The project will be done in collaboration with Northwestern Memorial Hospital, Childrens Memorial Hospital, and
Evanston Northwestern Healthcare, three leading hospitals that together are responsible for the healthcare of more
than a million lives in the greater Chicago area. The PI team includes IT faculty with expertise in computational
biology, high-performance parallel computing, scalable algorithms, data warehousing, data mining, and scientific
data management, together with researchers from genetic medicine and life sciences, and bioinformatics researchers
and practitioners from the above-mentioned hospitals. The project will be based on real data gathered from a number
of consenting patients with a broad spectrum of disease histories.

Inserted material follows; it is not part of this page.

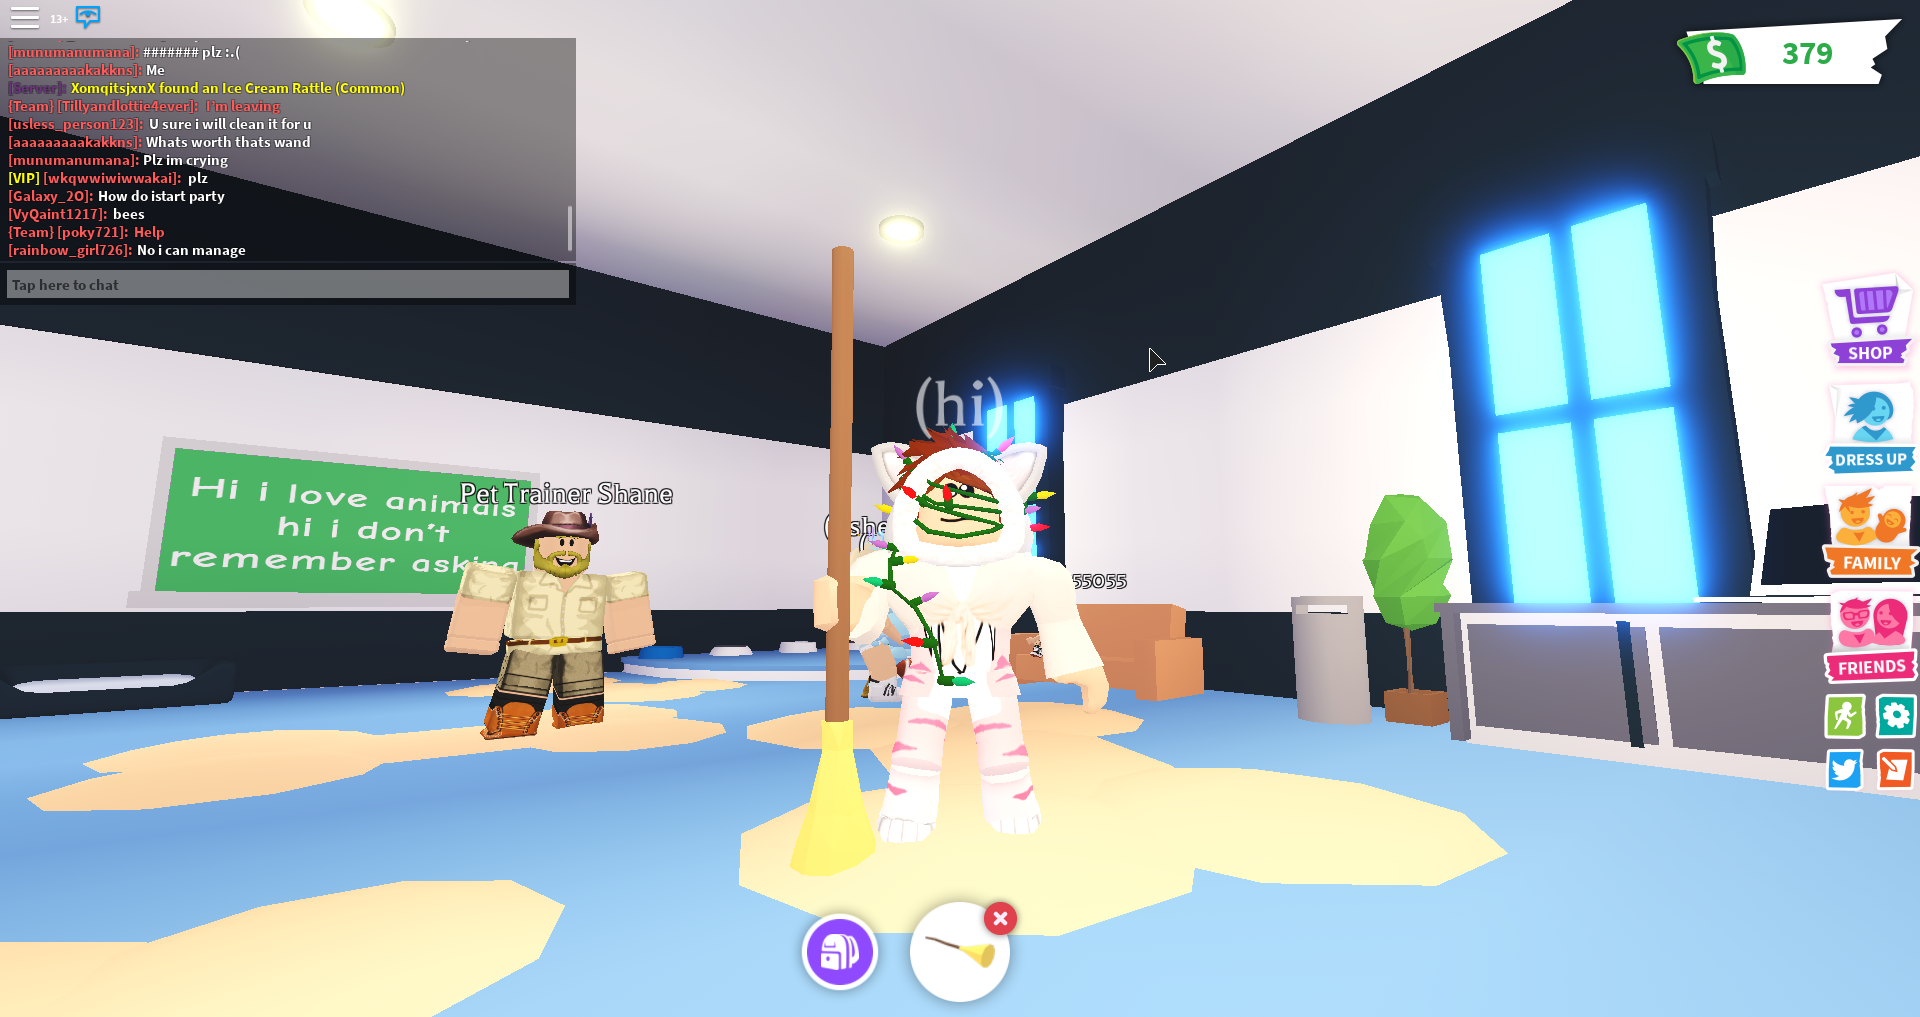 Trading A Broom For Fandom - roblox adopt me queen bee worth

Broader Impact: The proposed research will have the following broader impacts: It will lead to novel approaches
in individualized application of drugs and therapies, and prevention of diseases, a problem of national importance.
Furthermore, this could dramatically reduce the side-effects and increase the efficacy of drugs by stratifying patients
based on genotypic predictors. Adverse side-effects is a documented problem in medicine, resulting in further
illnesses and deaths1, and delaying “correct” treatment. This project will have significant impact on IT in two ways –
through the development of high-performance data warehousing, mining and algorithmic techniques for each
individual type of life sciences data, and through the development and effective application of integrating strategies
to mine such varied data in the computationally and data intensive application of Genetic Medicine. This project
also strengthens interdisciplinary research by bringing information technology to the emerging field of Genetic
Medicine and bringing IT based research in life-sciences to practice of medicine and healthcare. All faculty PIs have
a record of working with women and minority students and postdoctoral associates. This project will involve them
in a significant number. Furthermore, the PIs have developed interdisciplinary degree programs in bioinformatics
and computational biology at Northwestern and Iowa State and will incorporate results from this research into those
programs. They are also engaged in outreach and other educational activities to area schools and health-care
providers. Such outreach and educational activities will be a specific goal of this project.
1
Adverse drug reaction may rank as the fifth leading cause of death in the USA. (from: L. Mancinelly, “Pharmacogenomics: The Promise of
Personalized Medicine,” AAPS PharmSci 2000;2(1).